If we run the query in the Steampipe console, the output looks like this.

steampipe-mod-alicloud-compliance,steampipe-mod-alicloud-insights,...

Let's look at how the two functions acquire that output.

Using a database connection

For this approach, we used Go's dabase/sql package which (we learned) also requires that you import github.com/lib/pq for Postgres.

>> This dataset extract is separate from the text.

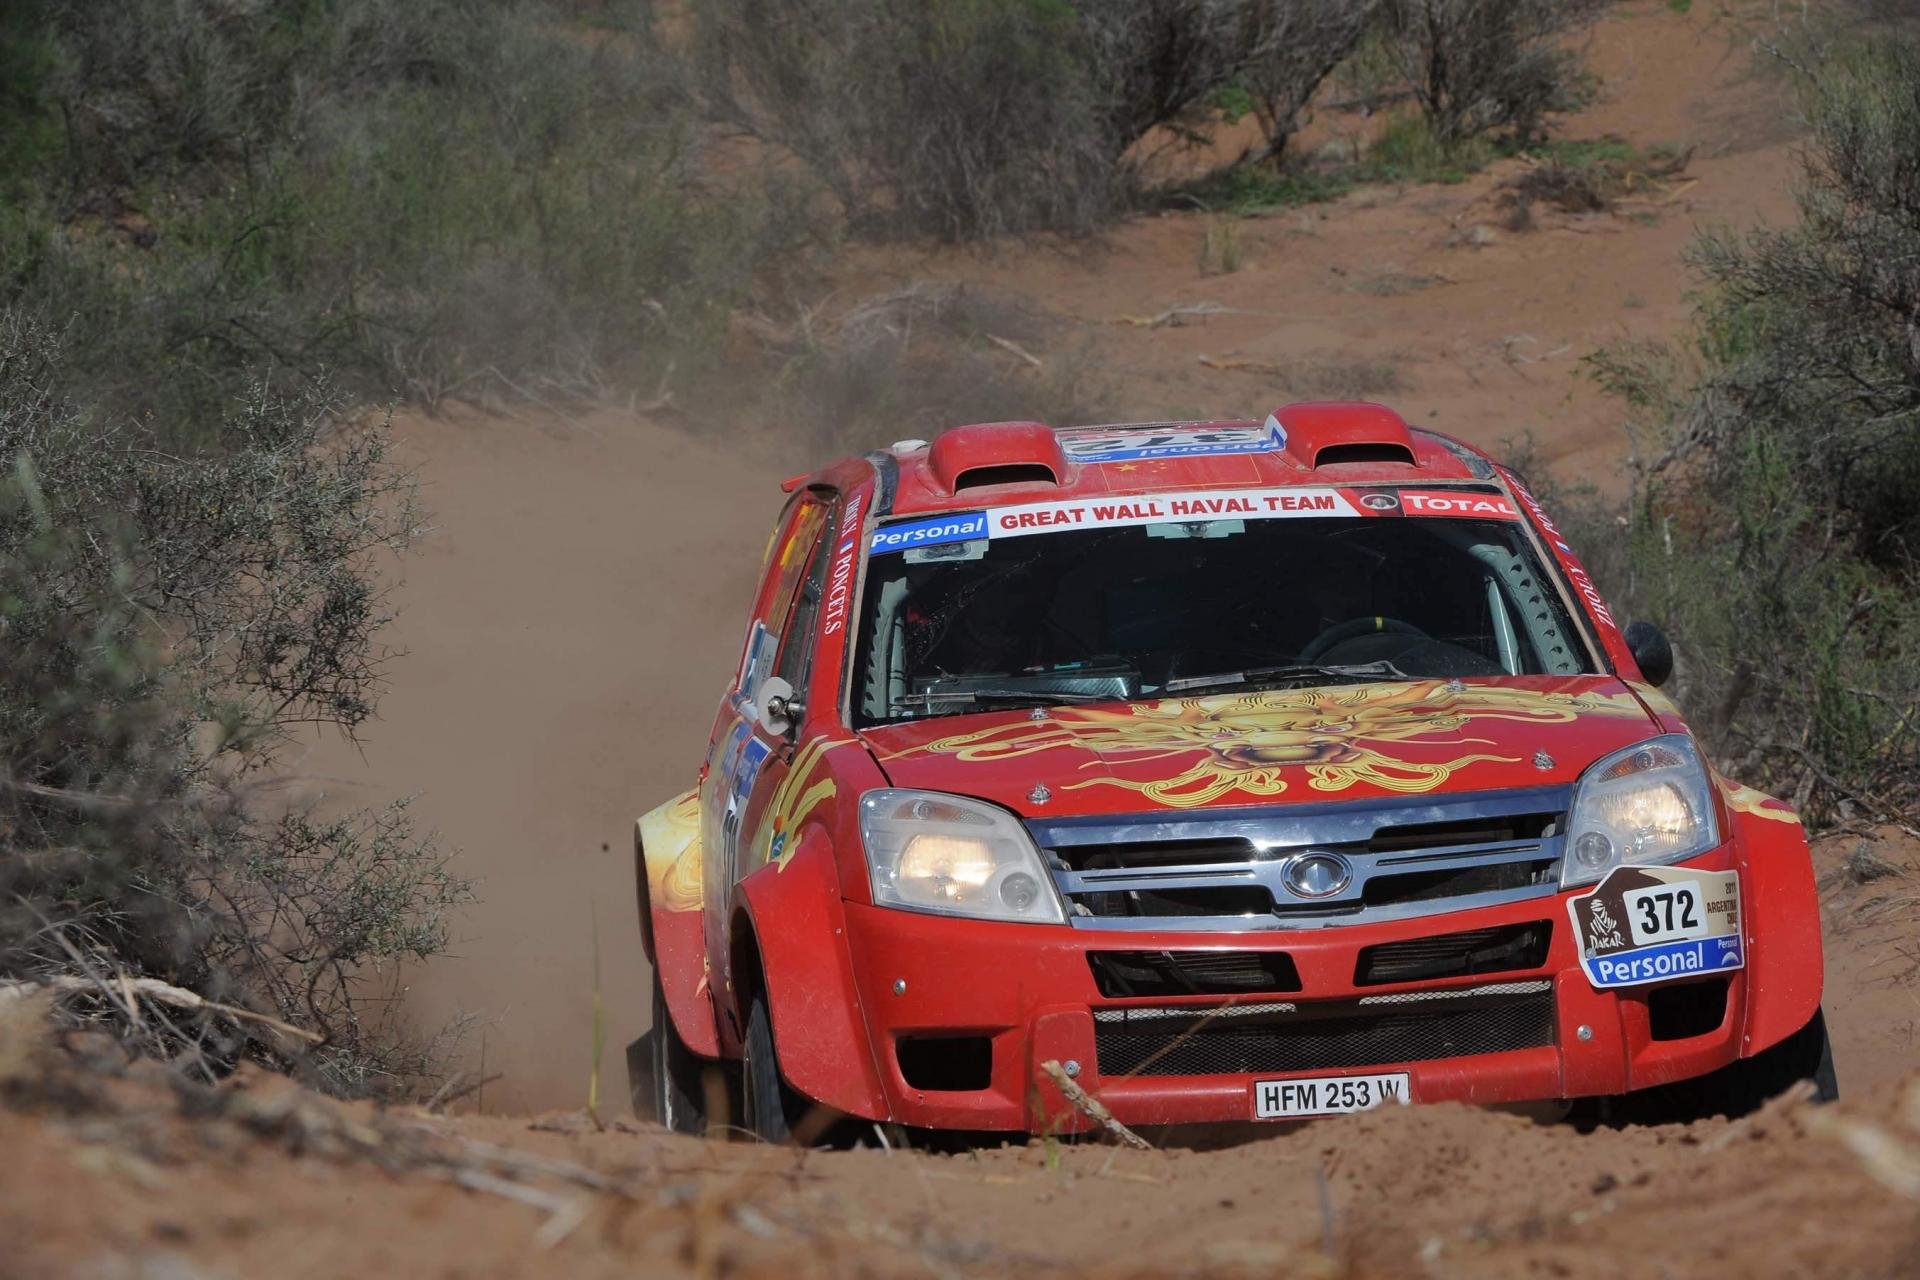 Best Dakar Rally wallpaper ID:321433 for High Resolution hd 1920x1280 PC

In this example we're querying a local instance of Steampipe but could as easily query an instance running in a Steampipe Cloud workspace.

func queryPostgresForRepos() string {
host := "localhost"
port := 9193
user := "steampipe"
password := os.Getenv("STEAMPIPE_LOCAL_PASSWORD")
dbname := "steampipe"
psqlconn := fmt.Sprintf("host=%s port=%d user=%s password=%s dbname=%s", host, port, user, password, dbname)
db, err := sql.Open("postgres", psqlconn)
CheckError(err)
defer db.Close()
rows, _ := db.Query(query)
var names string
for rows.Next() {
err = rows.Scan(&names)
CheckError(err)
}
return names
}

If you're running locally, you'll need to start the Steampipe service (steampipe service start) before running the program that calls this function.

Using a REST call

Here's the second method, using Steampipe Cloud's query API.

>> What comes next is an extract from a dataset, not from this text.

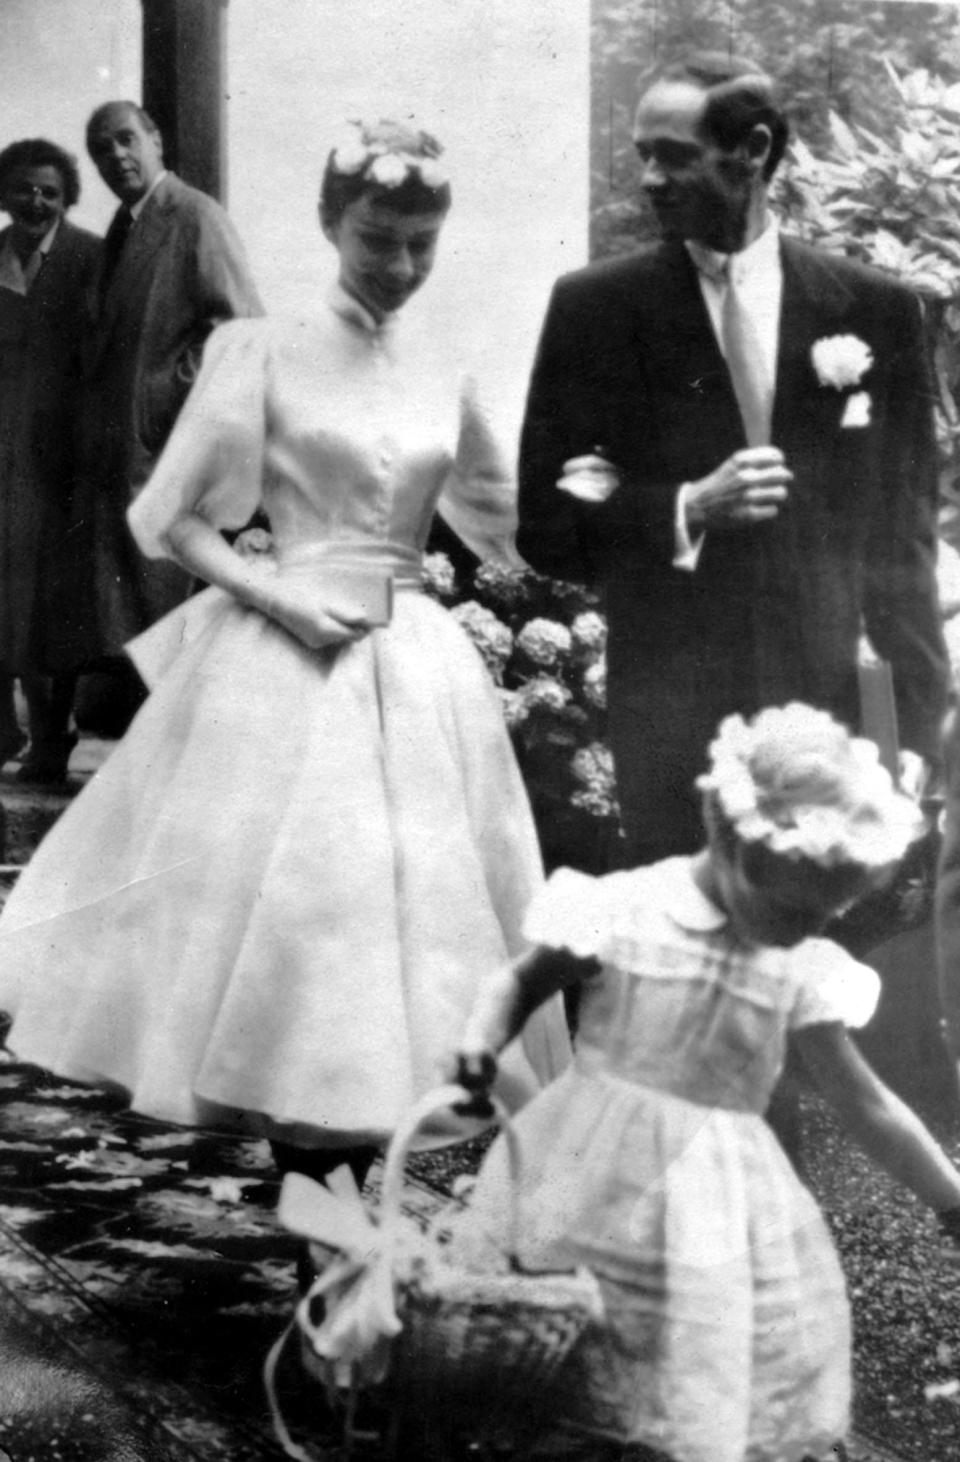 At her wedding to Mel Ferrer in Switzerland in 1954

func querySpcForRepos() string {
type Result struct {
Items []struct {
Names string `json:"names"`
} `json:"items"`
}
uri := fmt.Sprintf("https://cloud.steampipe.io/api/latest/org/acme/workspace/jon/query?sql=%s", url.PathEscape(query)) //-- use your handle and workspace
req, err := http.NewRequest("GET", uri, nil)
CheckError(err)
req.Header.Add("Authorization", fmt.Sprintf("Bearer %s", os.Getenv("STEAMPIPE_CLOUD_TOKEN")))
resp, err := http.DefaultClient.Do(req)
CheckError(err)
defer resp.Body.Close()
decoder := json.NewDecoder(resp.Body)
var result Result
err = decoder.Decode(&result)
CheckError(err)
return result.Items[0].Names
}

Go's static typing requires us to define a struct into which to decode the JSON response. In a dynamically-typed language like Python that wouldn't be necessary.

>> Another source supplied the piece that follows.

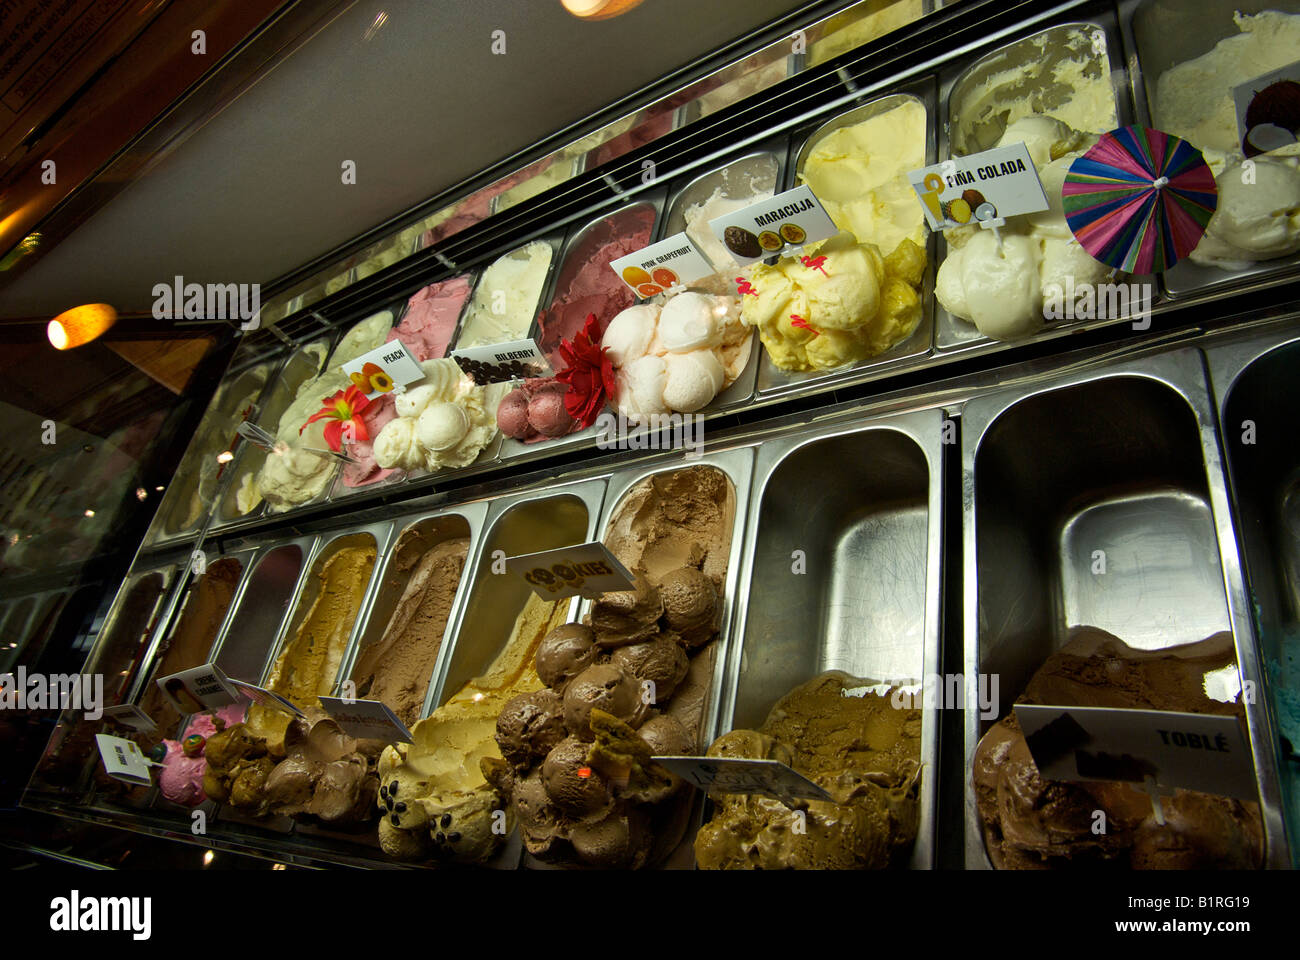 Boules de glace gastronomique dans un congélateur vitrine Photo Stock -  Alamy

The REST call uses a bearer token that's available in your Steampipe Cloud account -- for me, at https://cloud.steampipe.io/user/judell/setting/token.

If we use curl to make that REST call:

curl -H "Authorization: Bearer ${STEAMPIPE_CLOUD_TOKEN}" \
-d sql="with names as ( select replace(full_name, 'turbot/', '') as name from github_my_repository where full_name ~ 'turbot/steampipe-(plugin|mod)' order by full_name ) select array_to_string(array_agg(name), ',') as names from names" \
https://cloud.steampipe.io/api/latest/org/acme/workspace/jon/query

Here's the result:

{"items":[{"names":"steampipe-mod-alicloud-compliance,steampipe-mod-alicloud-insights, ... steampipe-plugin-zendesk,steampipe-plugin-zoom"}]}

The function decodes that into the Result struct and returns the Names property of the zeroth element of Items.

Steampipe as a software component

Steampipe is a tool that runs queries and benchmarks on the command line, powers dashboards locally or in the cloud, and embeds into CI/CD pipelines. It's also a software component that you can call from any programming language.

Why do that? As we've seen, Steampipe's plugins can abstract native APIs in a way that makes them simpler to use than the constructs provided by SDKs like github.com/google/go-github. The Steampipe system doesn't just provide a SQL interface to an API, it organizes that interface to make you maximally productive. And it does that using patterns, like the my pattern, that you can learn once and then apply across many APIs.

If you decide that Steampipe is the right tool for the job, which of the two methods we've shown should you use? It's your choice! If you're more comfortable using a database connection, do that. If you'd rather use the Steampipe Cloud API, do that. Either way, you'll get the job done more easily than if you had to use native APIs directly. Give it a try, and let us know how it goes!